Influenced by American civil rights activist and singer Paul Robeson early in his career, his leftist ideas led him to the Indian People's Theatre Association (IPTA). With respect to literary craft he was attached to Jyoti Prasad Agarwala and Bishnu Prasad Rabha, both of whose compositions were rich in revolutionary ideas. Today, he is revered for carrying their legacy forth beyond the Northeast as well.
Nabina Das, author of the recent short-story collection House of the Twining Roses, comments on her love for Hazarika's songs. "The famous Dola, Hey Dola is an anthem for progressive writers, activists, students all over India.
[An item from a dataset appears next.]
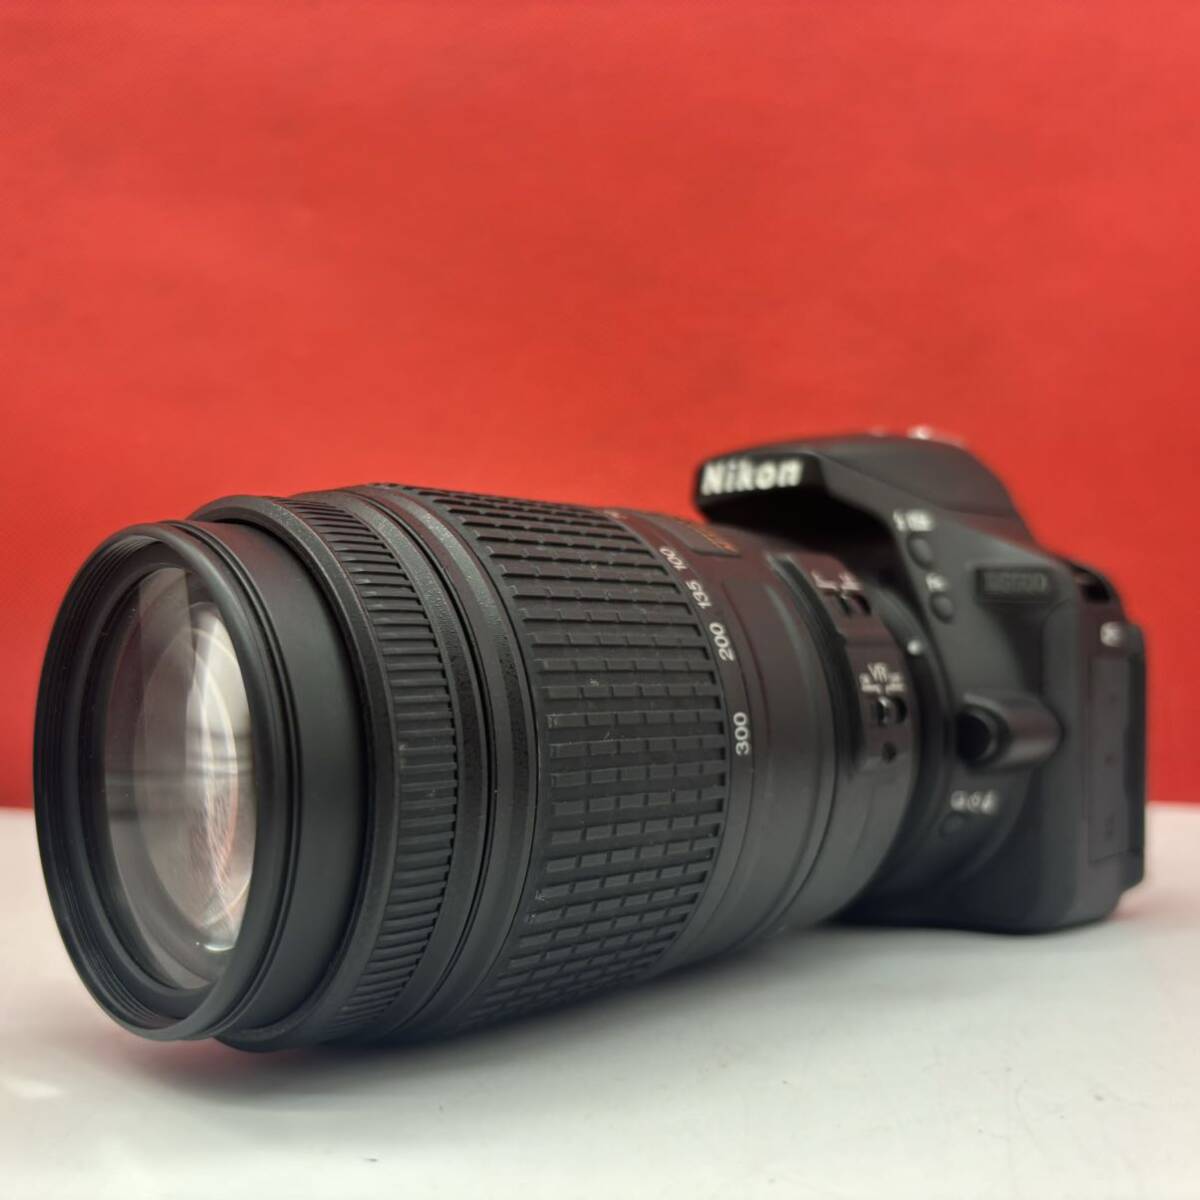 ◆ Nikon D5500 デジタル一眼レフカメラ ボディ DX AF-S NIKKOR 55-300mm F4.5-5.6G ED シャッターOK ニコン

For me, particularly, Bhupen-da's lesser known Bangla songs such as Aaj jibon khunje paabi are unique in that they marry Bangla lyrics to the Assamese "Bihu-xuriya", complete with the pepa (horn pipe) tune and effusive claps of the hands."
 
Das reminded me of the forgotten songs of the tea garden tribes. The romances of Jhumur dancers are immortalised in Bhupen-da's songs. Shameli, Loshmi, Sompa and many other women in his songs spoke directly to their lovers and the society in general; even this was radical for its time. Axom Dekhor Baagicare, Jigi Jagi Jau and Jonokpuror Janokiye all throw light on the lives of the hardworking tea garden community; their hopes, disappointments and their irrevocable determination to continue the celebration that is life. As they left their homes and settled in Assam, they also dance to the tunes of Husori, Bihu, Borgeet and Bagrumba. According to Bhupen Da, who explored their part of the story in the making of Assamese identity, they would love to be called "Assamese".
 
"A united world may be a myth, but not the desire for it" elucidated Nabina further, "Especially as a world traveller in his songs, Bhupen Hazarika stands out as a peoples' poet and singer. If one looks at songs like Aji Idor Majhlisot (today, in this Eid gathering) or Romjanore Roja Gol (Ramzan's fast is over), Hazarika's oeuvre acquires a special dimension. Addressing subcontinental minority traditions for him is not a ritual, but a seamless part of his music subtext. Similarly, Hindi movie compositions and much older songs of his are notable for their freshness."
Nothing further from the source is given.